I started worrying. It'd been a week since my checkup. What did he find? I didn't want to know. I didn't want to hear his speech about how I had to stop drinking and drugging. I lit up another Nat Sherman, hit the vodka a little harder and headed back out to the balcony. I still hadn't shaved or dressed. Mr. Wall Street was gone. But his well-built wife was there, watering the plants. I watched her bend over and considered the convenience of having a secret lover in the same building. That would result in chaos. I liked chaos. But I didn't like answering my own phone, which was ringing again.
She ignored me. The ringing wouldn't stop, so I schlepped back inside and picked up the phone. There was a whirling noise on the other end of the line. Through the cacophony, I couldn't mistake the high-pitched voice of Michael Jackson.
In 1989, Michael Jackson was still the biggest star on the planet. The eighties belonged to him. Thriller had set the world on fire--over 40 million copies sold--and Bad was a blockbuster. I'd known Michael since 1975, when he and his brothers joined our Epic label, and watched his career zoom into orbit. I might have even helped. Anyway, we were close. He called me his Good Daddy because his biological Bad Daddy, whom he feared, was threatening and remote.
"My father never hugged me," Michael told me one afternoon while taking me on a tour of his Neverland ranch.
"You want a hug, Michael? Here's a hug."
I gave him a good hug, praised him inordinately and reassured him continually--yes, you are the greatest. I meant it. Who doubted his fabulous talents?

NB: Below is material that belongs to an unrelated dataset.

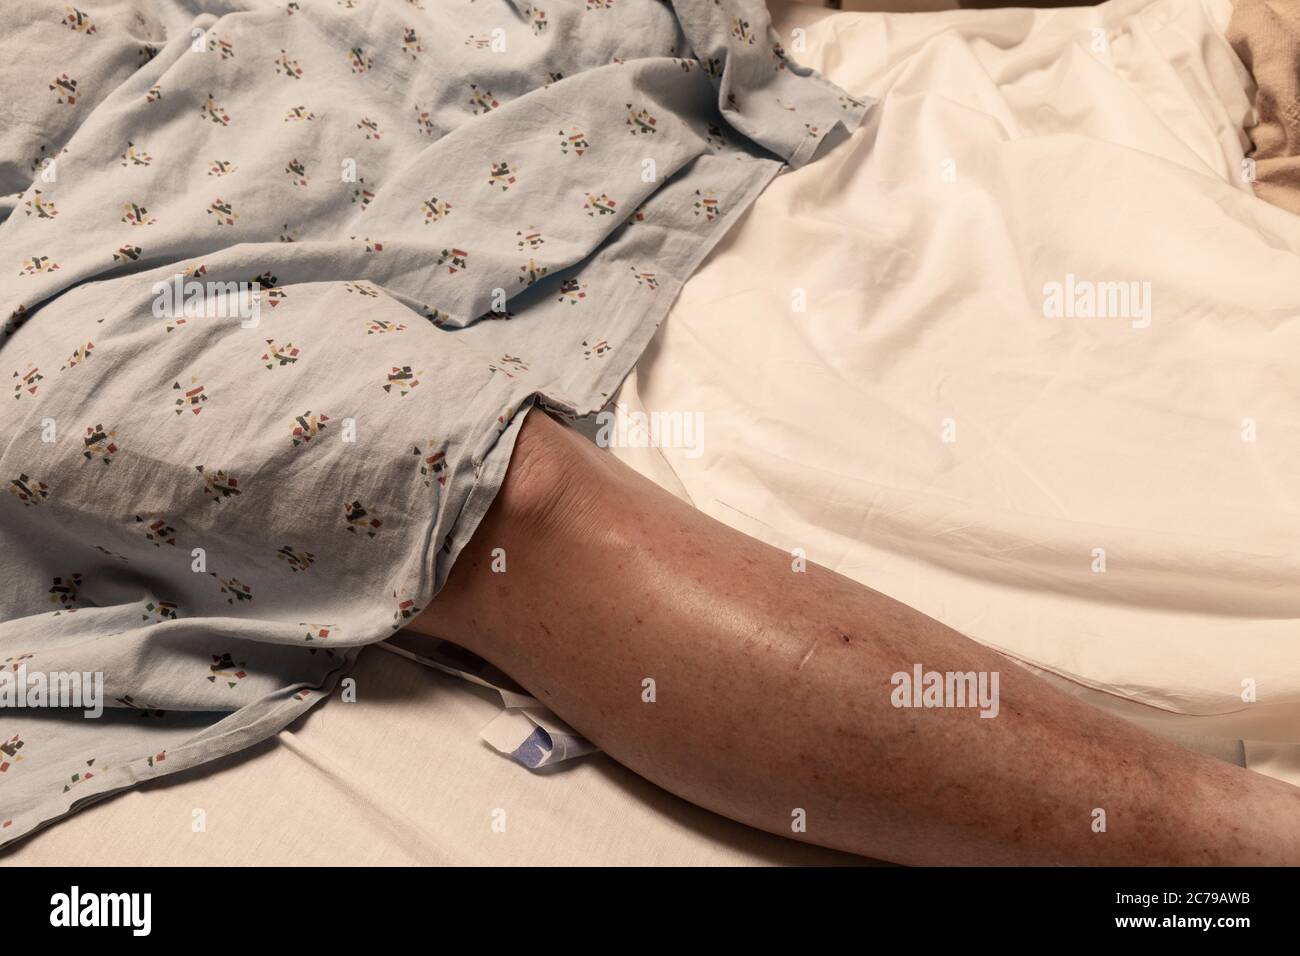 Single leg of an amputee man in a hospital bed partially covered with a gown, disabled, veteran, cancer, coronavirus, healthcare background, horizonta Stock Photo

My role as Michael's corporate caretaker, though, was not without complexities. At the end of 1987, I'd arranged the sale of CBS Records to Sony, a deal that bloated my already overbloated ego and consolidated--or so I thought--my power. Part of that consolidation rested in my relationship with our big moneymakers, Michael chief among them. I assured Sony--and Michael--that the transition would yield fatter profits for everyone. That meant the key players--the big brass in Tokyo and the artists in America--were more dependent on me. My maneuvers put me in the middle of the action: an indispensable monarch, the King of Records comforting the King of Pop.
I both relished and resented the role. I liked being the guy who gave the orders, but on days like this, with Jackie O and jackhammers on my mind, the last thing I wanted was Michael kvetching. Michael loves to kvetch.
"Walter," he said. "I'm in a helicopter flying over Long Island."
"You with the monkey?"
"Bubbles is back in California. This is important, Walter. David Geffen just called. He's producing the soundtrack for Tom Cruise's new movie, Days of Thunder. He wants to use one of my songs. And I don't want him to. But I told him yes."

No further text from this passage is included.